Task description
Your answer should hold exactly the lines beginning with the one that contains "ベートーベンピアノソナタ第8番悲愴第3楽の再生済みの波形" and ending with the last line of the material, both included. Leave every picture out.

(Data below begins)

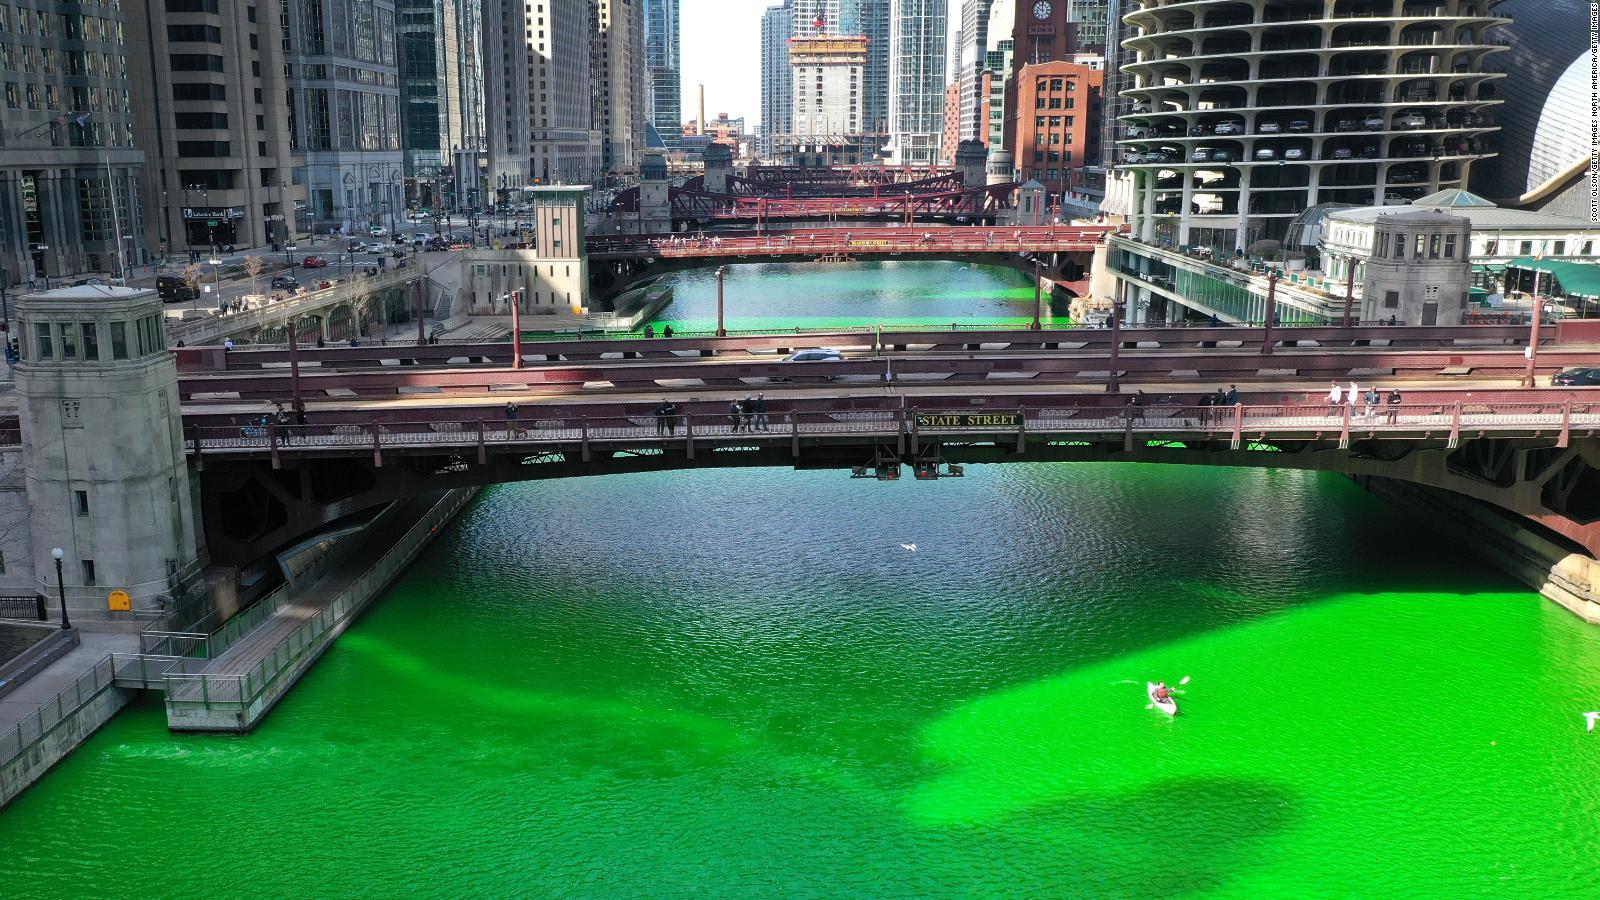 Mira el río verde en Chicago por el Día de San Patricio
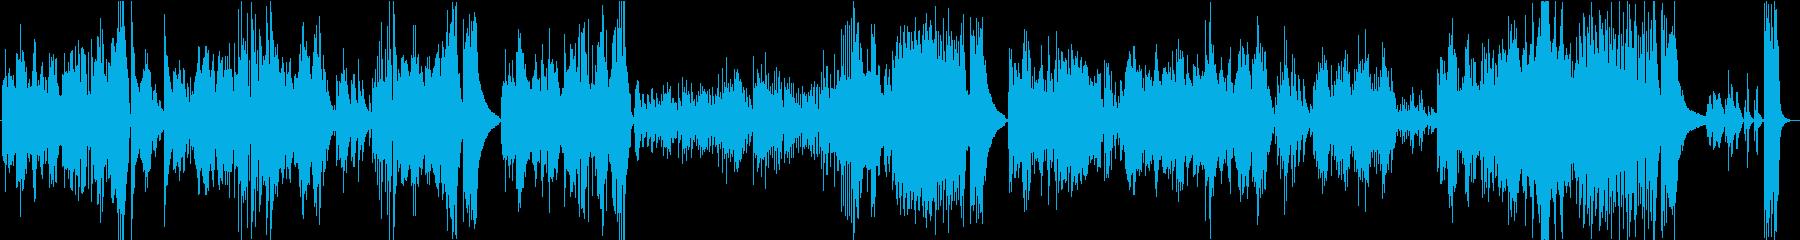 ベートーベンピアノソナタ第8番悲愴第3楽の再生済みの波形
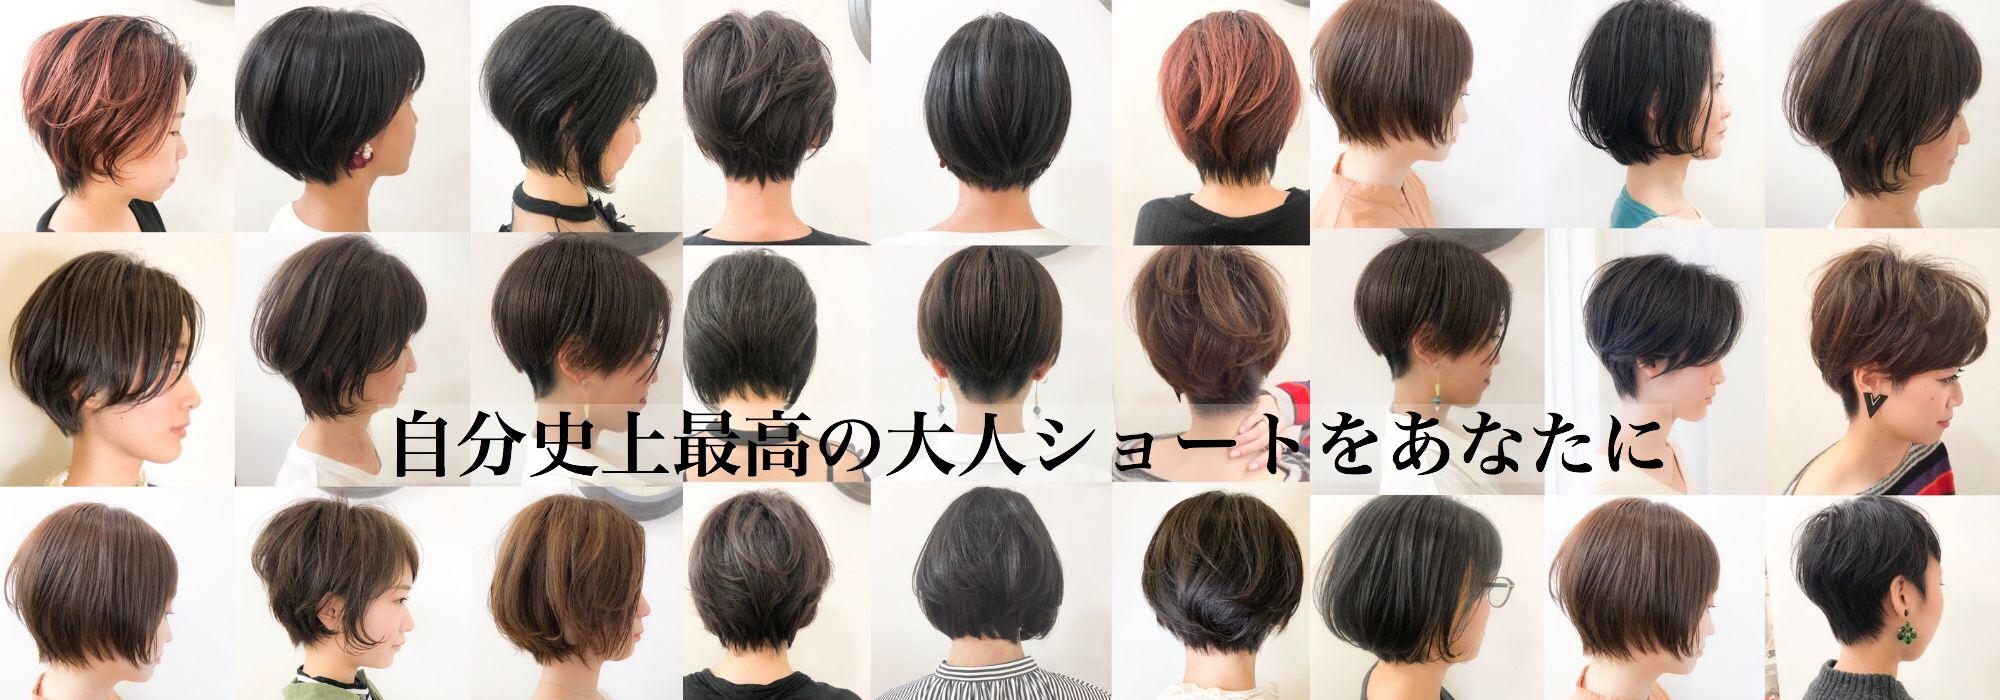 京都ショートヘア 専門家(美容師)平松賢則
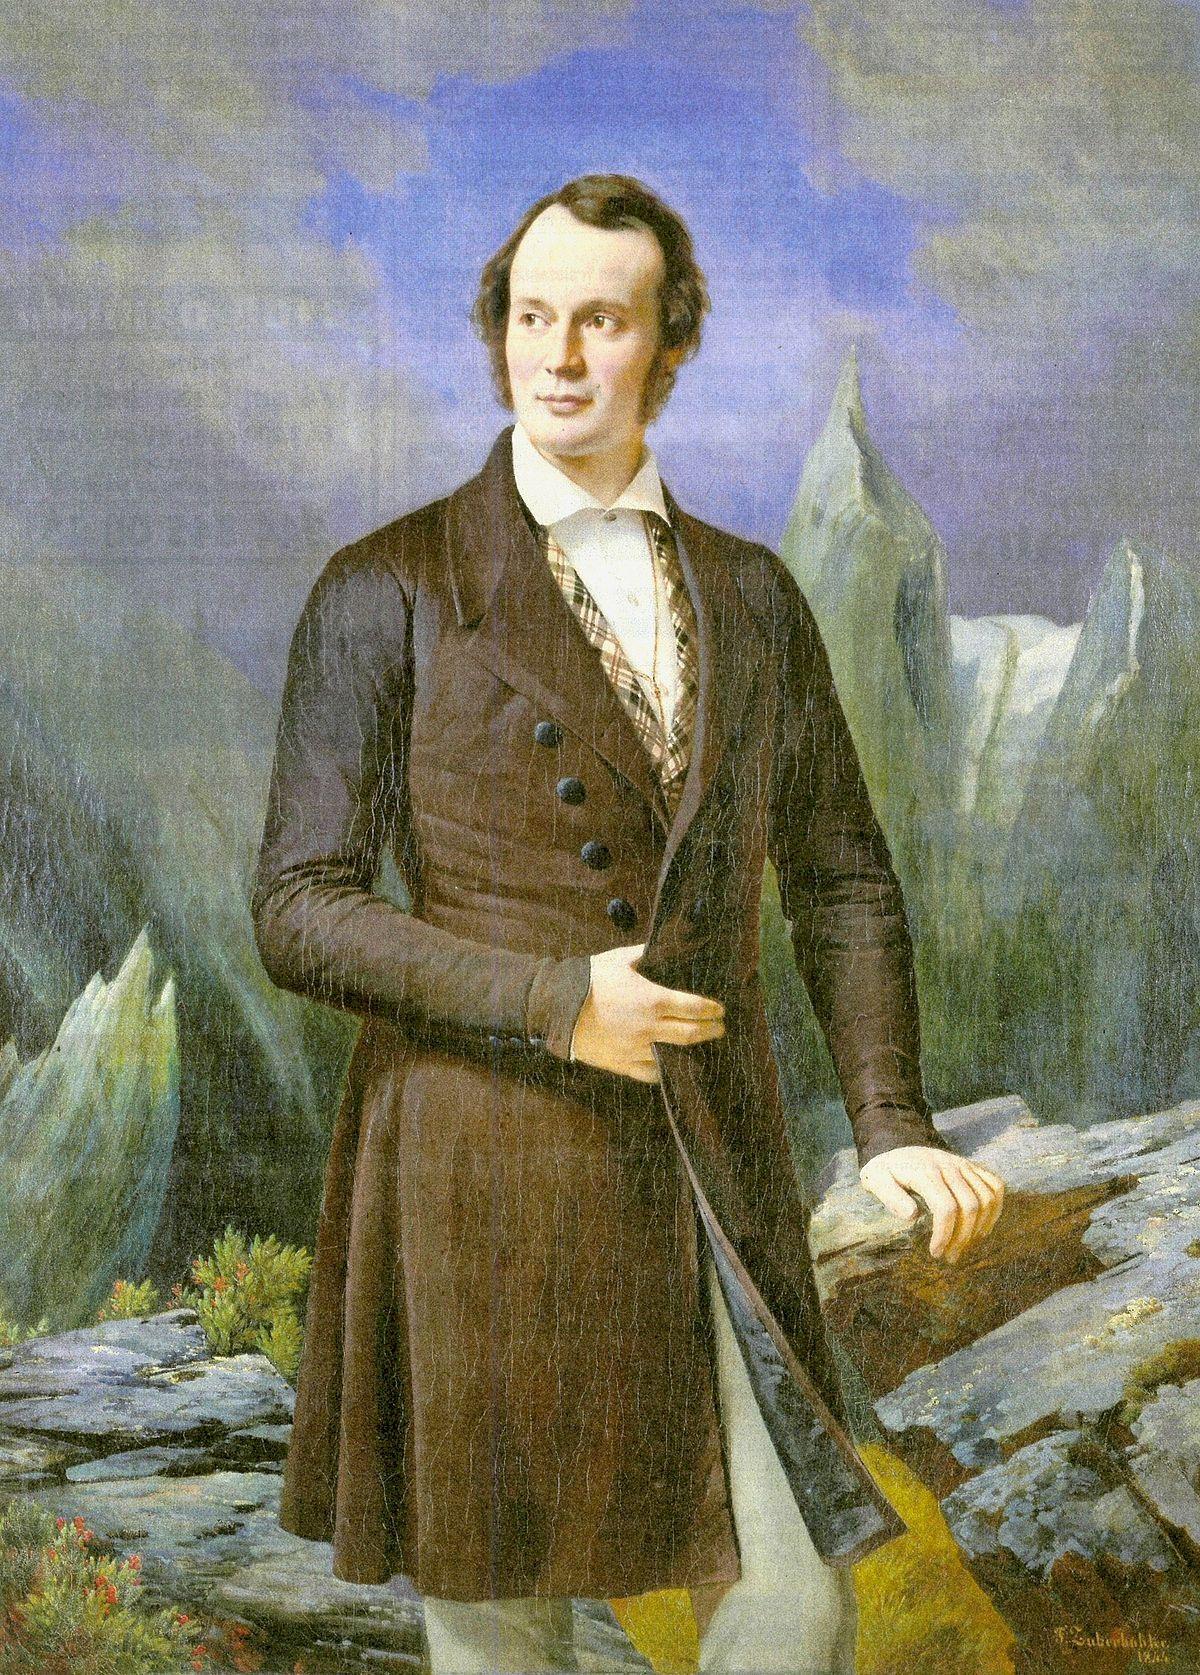 Portrait of Louis Agassiz (1840)

(Data below ends)

Response area
 ベートーベンピアノソナタ第8番悲愴第3楽の再生済みの波形
 京都ショートヘア 専門家(美容師)平松賢則
 Portrait of Louis Agassiz (1840)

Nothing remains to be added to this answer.